Greg, yes haha, I've asked myself the same question prior to receiving the material. We tried 1 of the plate in the cell, dissolved the powder in ar and positive stannous test.

Plates need good rinsing tho, since there is plating inside as well, as you can see on the magnified picture from the plates.


----------



## Anonymous (Dec 4, 2013)

Gregg the clue was in the old IBM mainframe comment earlier. They did some whacky things with PMs in those things. I know what you mean about anodised aluminium but that didn't cross the minds of the old IBM mainframe developers. Money was no object in the scheme of what they were paid for their products.


----------



## Golddigger Greg (Dec 4, 2013)

Colour me surprised and equally happy for you then! :mrgreen: 
All I could find on gold-plated heat sinks were discussions among over-clockers and those that wanted their machines to look 'cool' when the lid was popped open. I guess the designers at IBM in those days fell into the latter category.


----------



## alexxx (Dec 4, 2013)

Golddigger Greg said:


> Even in the days of relatively cheap gold, computer makers didn't just plate things without a purpose.
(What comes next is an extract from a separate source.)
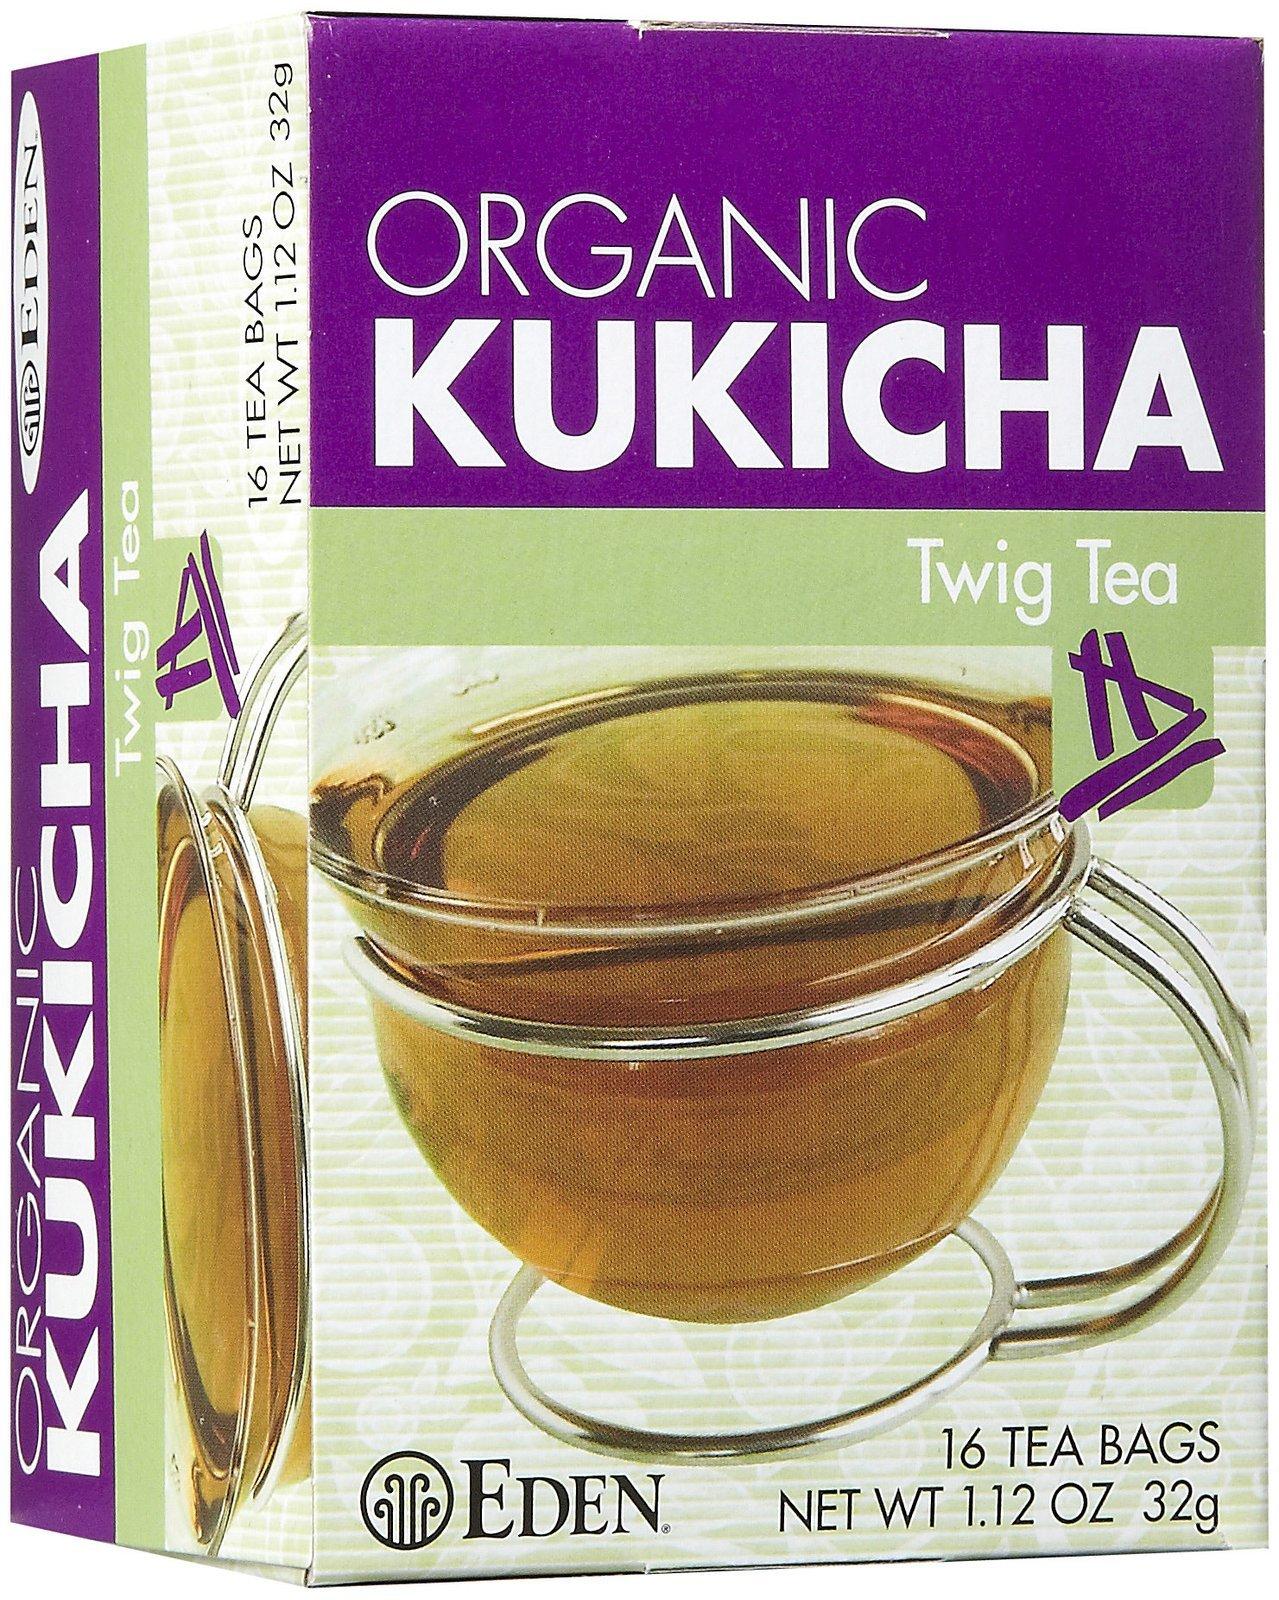 Eden Twig Tea, Tea Bags, Kukicha, Organic 1.12 oz Boxes, 12 pk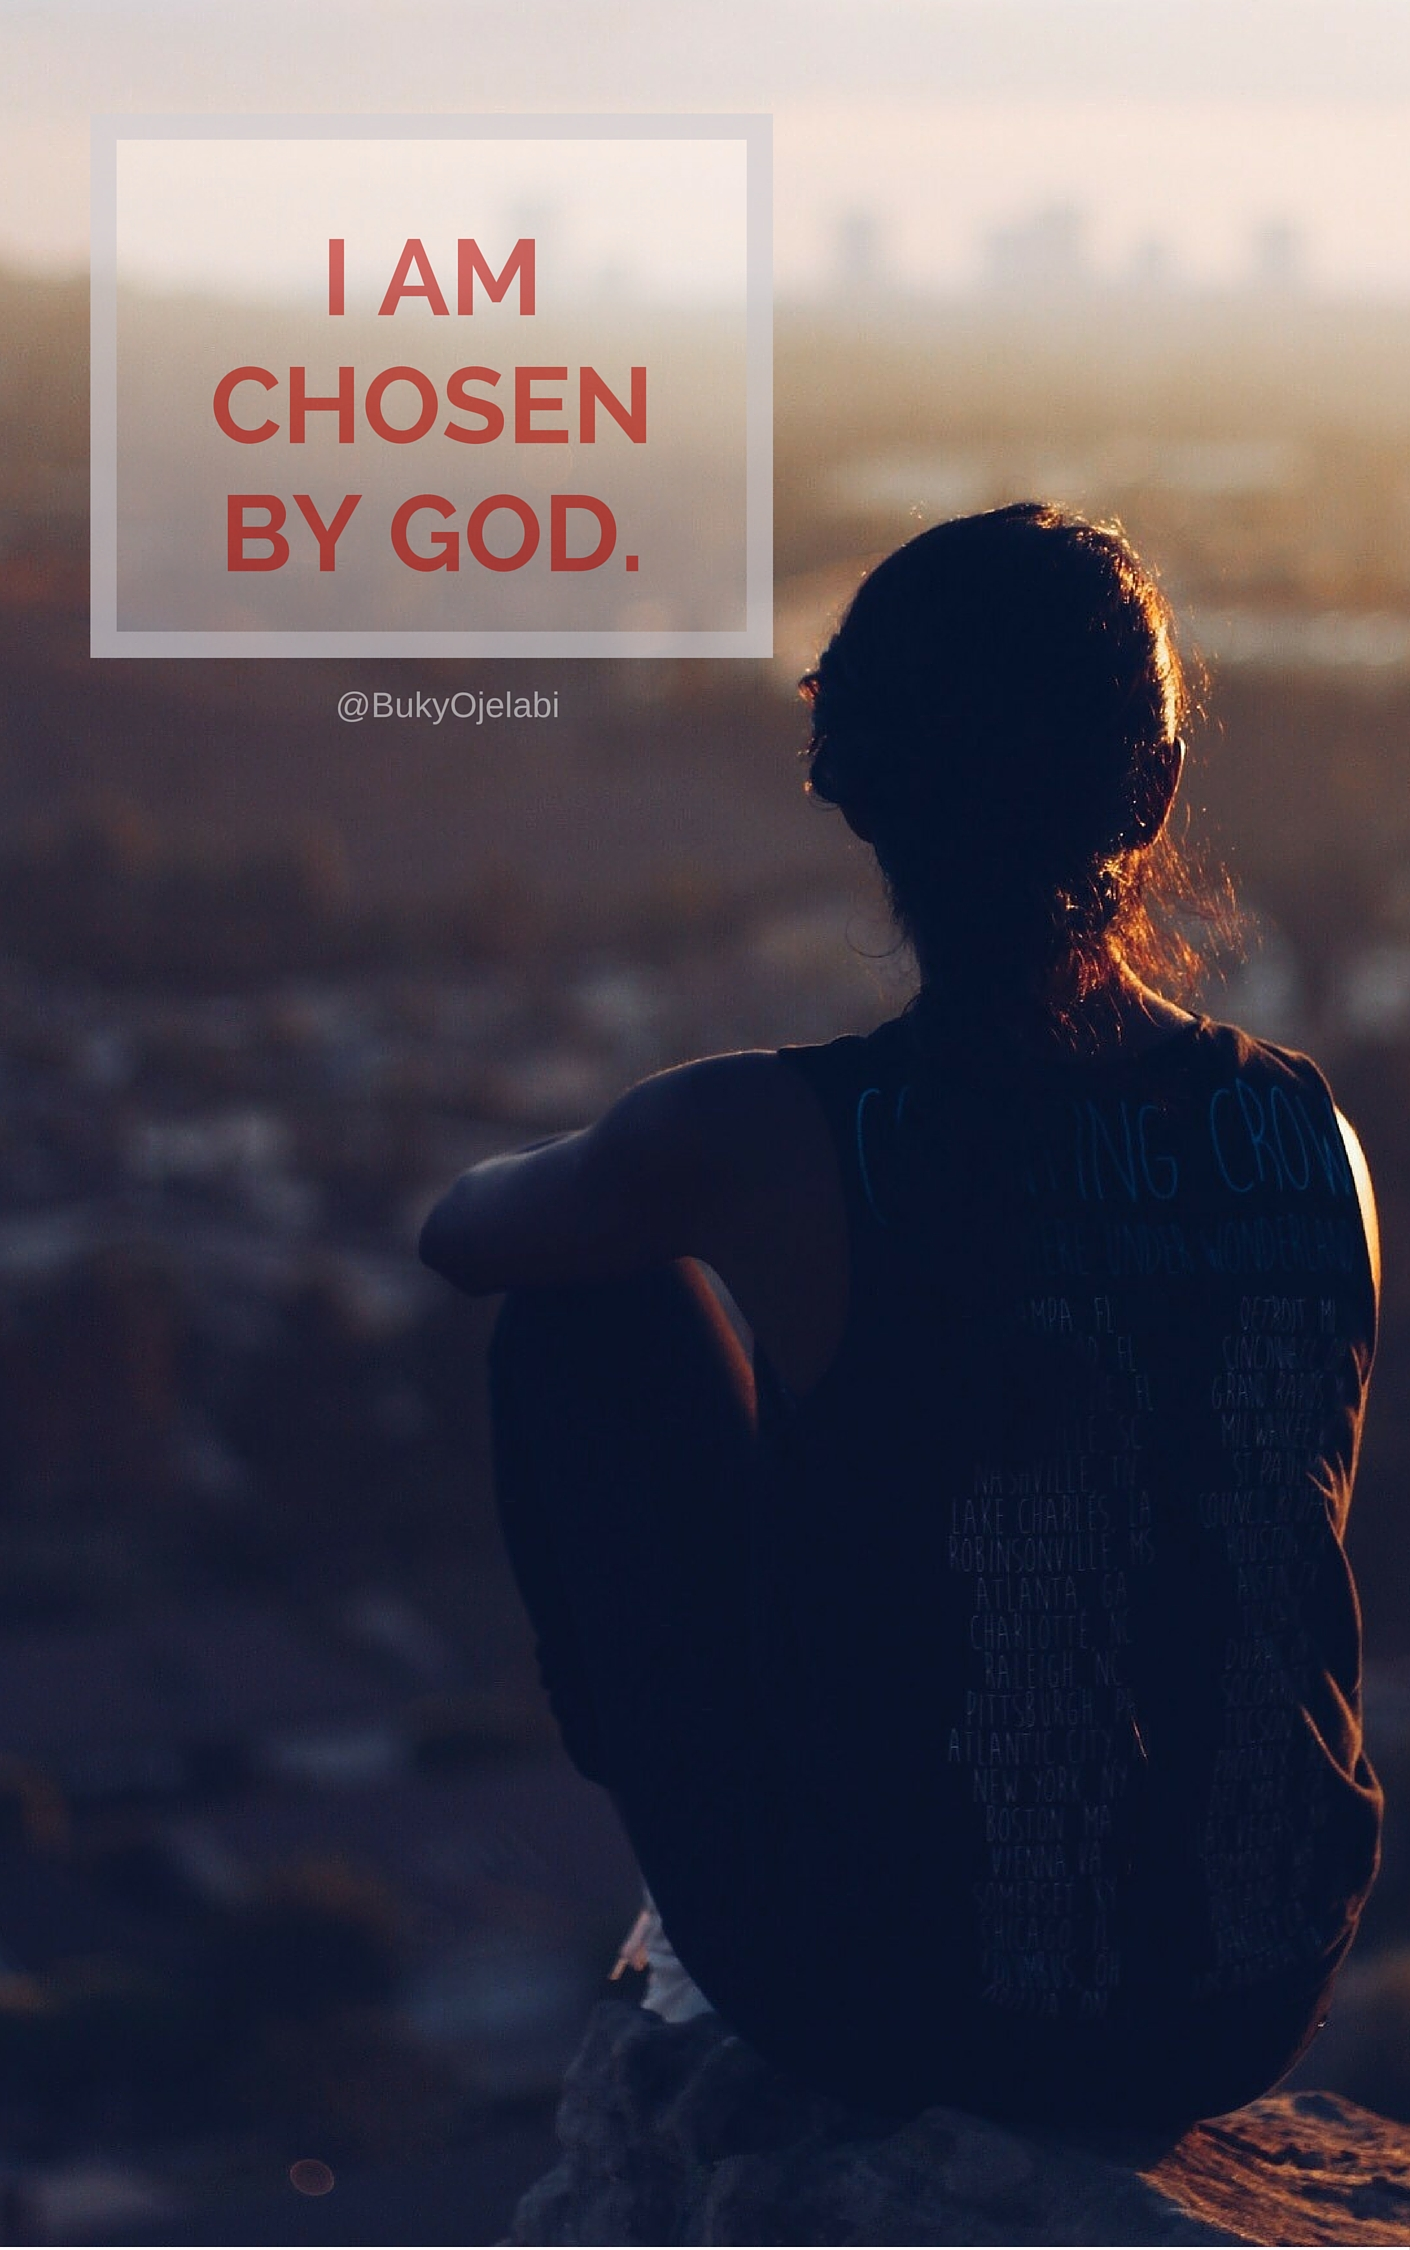 I AM CHOSEN BY GOD

Well, I don't agree with you on this one. And I have been reading this affirmation a lot on the forum.
Most of the time, well, almost all the time, this statement is very true, since gold is there for a specific purpose... either for conductivity, corrosion resistance or heat resistance.

But, I have seen a few high end hardware parts plated for no reason besides "let's make it shiny so the selling price is supported". You will see such things more often than you think in old mainframes, old telecom and military equipment. Mainly the high end hardware paid with your taxes in fact...

Things such as whole cables plated, the exterior server hard drives, heat sinks, not so old network cards... there' is out there unnecessary gold plated electronics.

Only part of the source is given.